• TASK GOAL
Apart from the images, repeat the data below exactly as written.

• COLLECTED MATERIAL
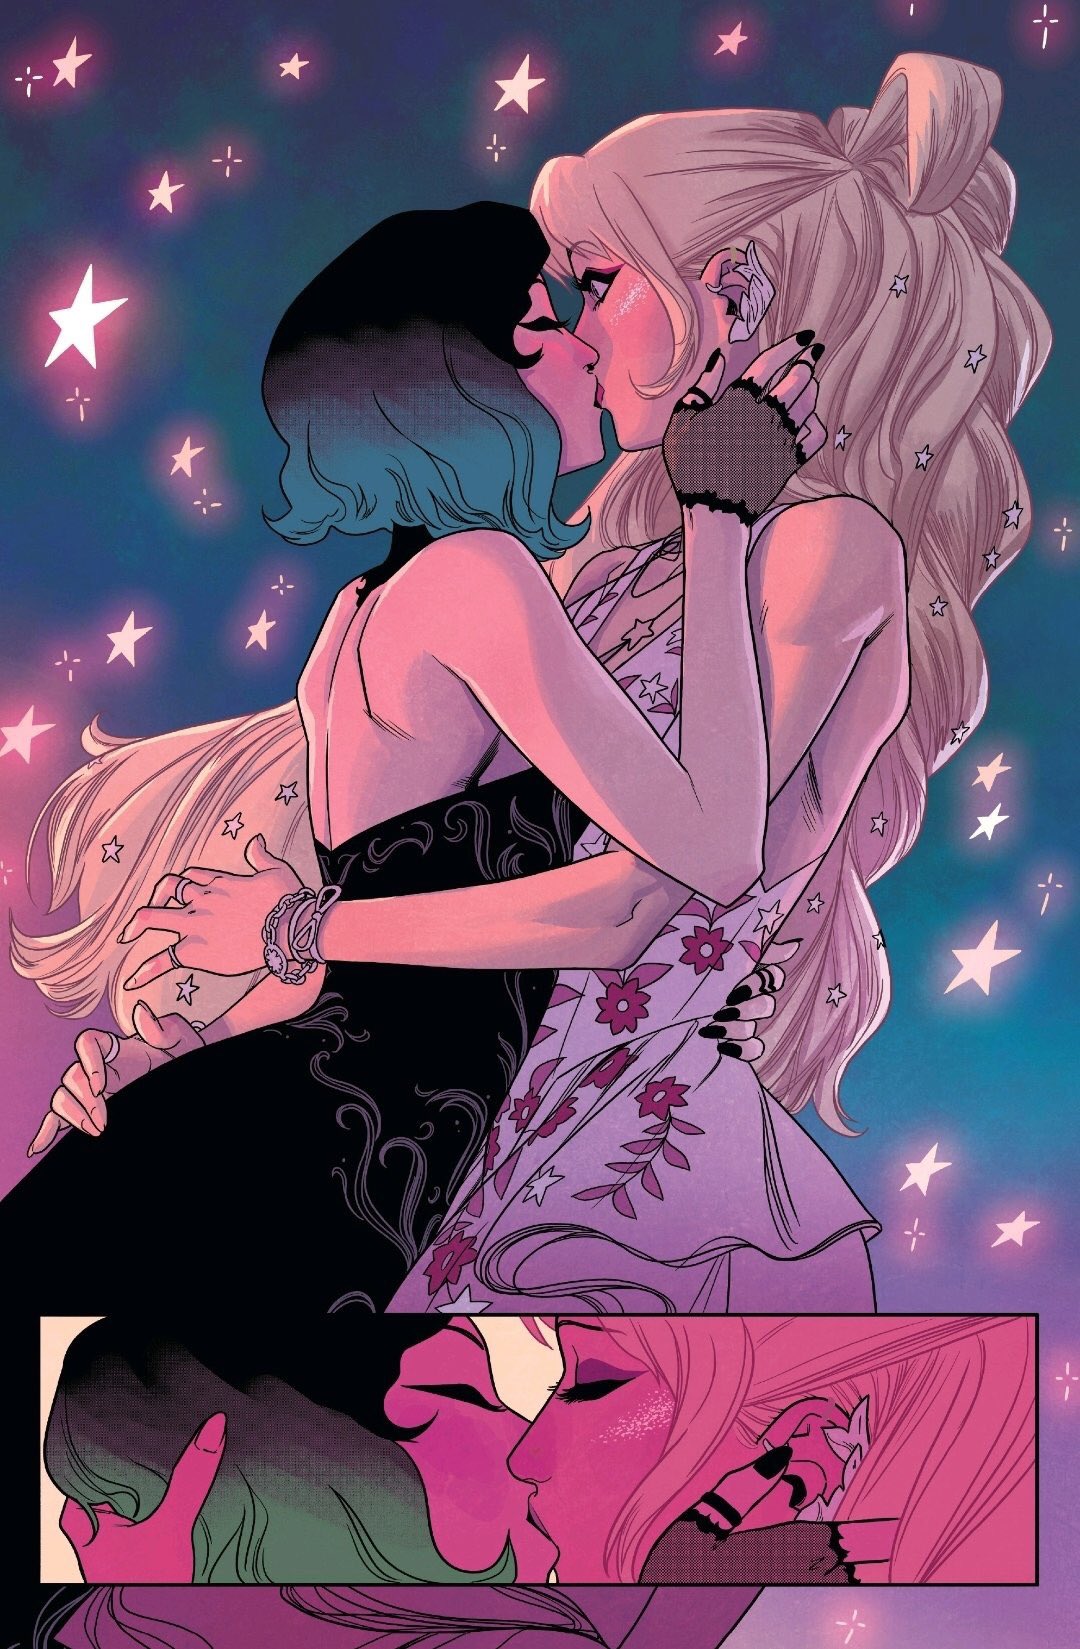 Nico e Karolina - Runaways - Marvel Comics - Beijo gay nas histórias em quadrinhos - Blog Farofeiros
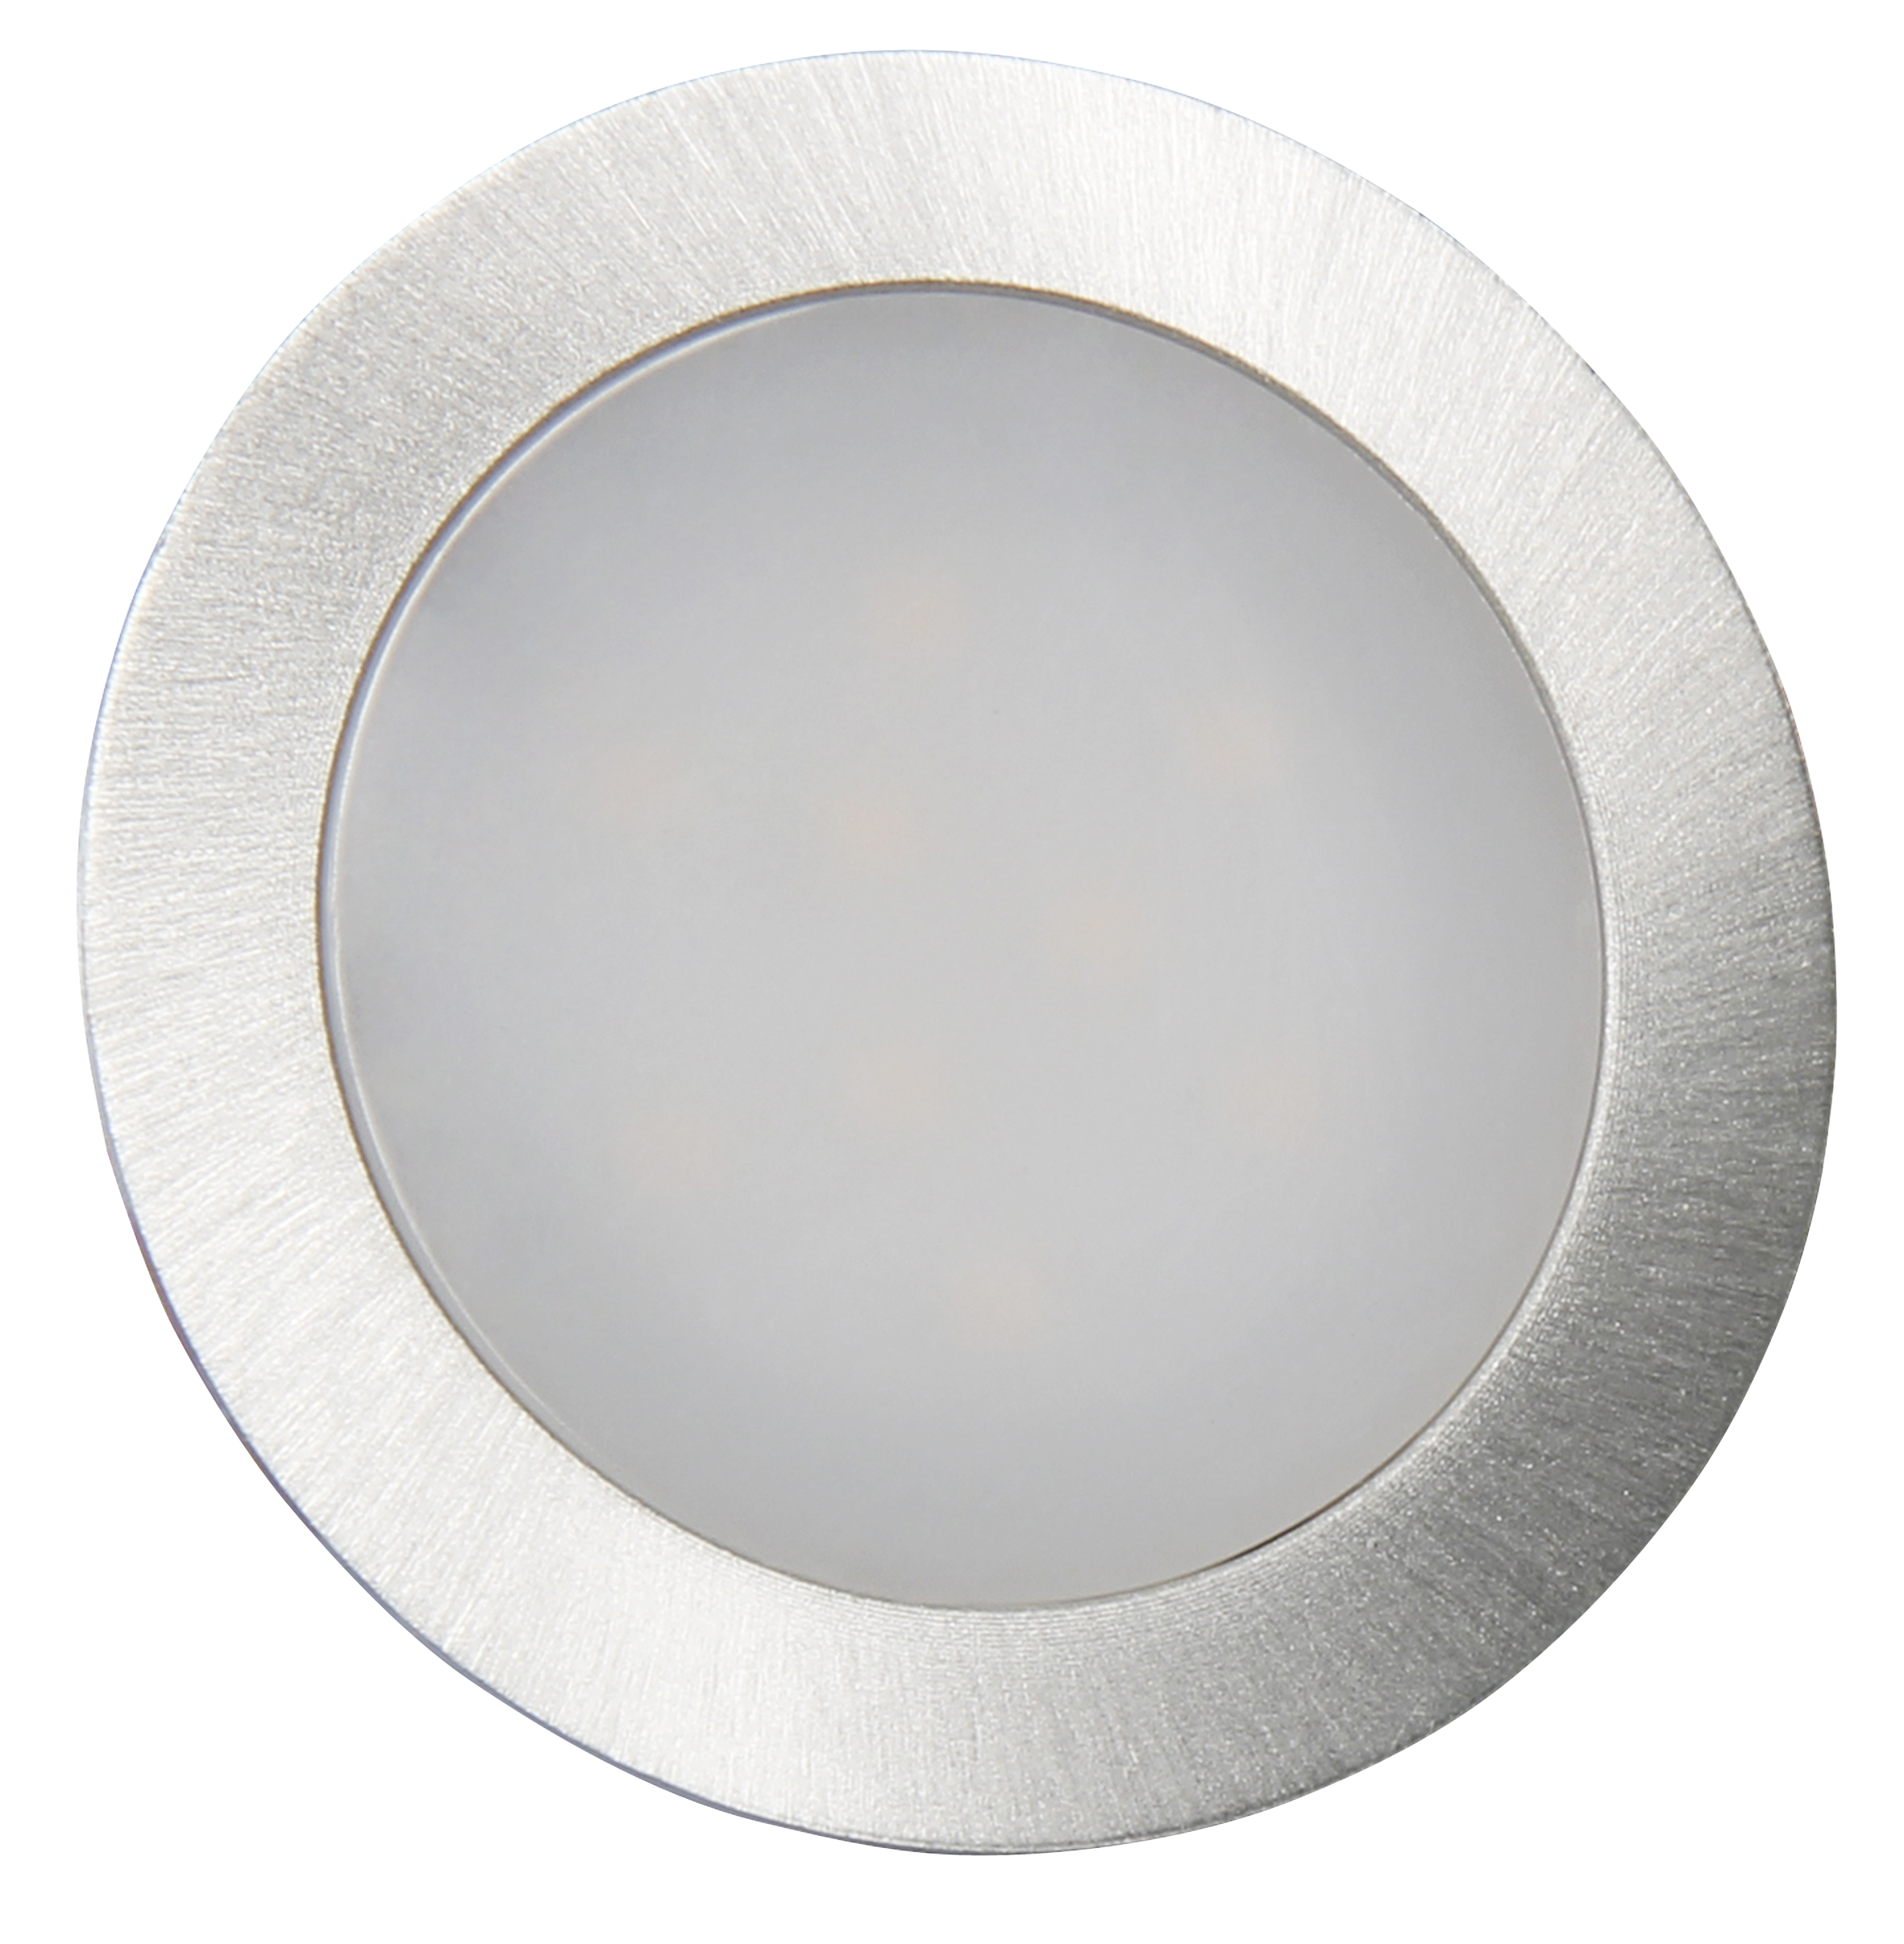 LED-Einbauleuchte McShine ''Fine'', 9 LEDs, warmweiß, 55mm-Ø, rund, Edelstahl, 60lm, 0.5W
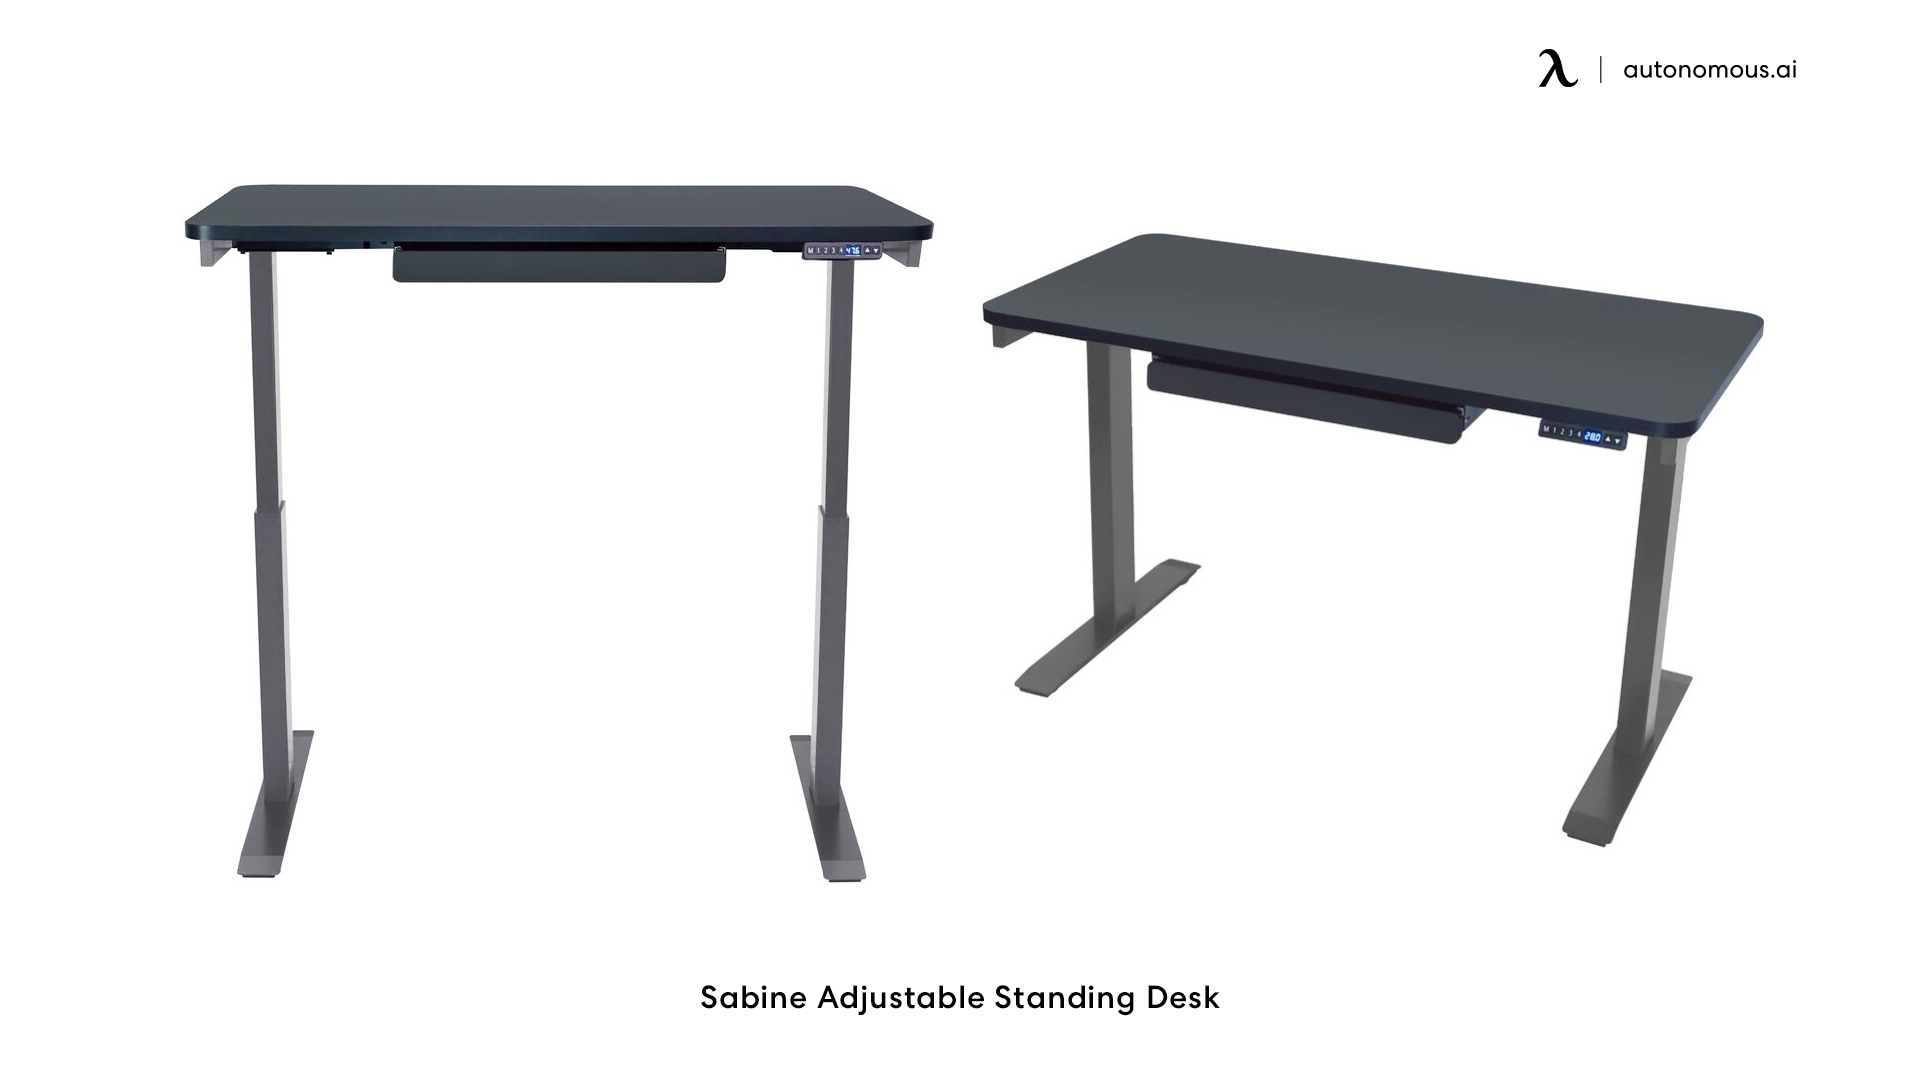 Sabine Adjustable Standing Desk

• COMPLETED TASK
 Nico e Karolina - Runaways - Marvel Comics - Beijo gay nas histórias em quadrinhos - Blog Farofeiros
 LED-Einbauleuchte McShine ''Fine'', 9 LEDs, warmweiß, 55mm-Ø, rund, Edelstahl, 60lm, 0.5W
 Sabine Adjustable Standing Desk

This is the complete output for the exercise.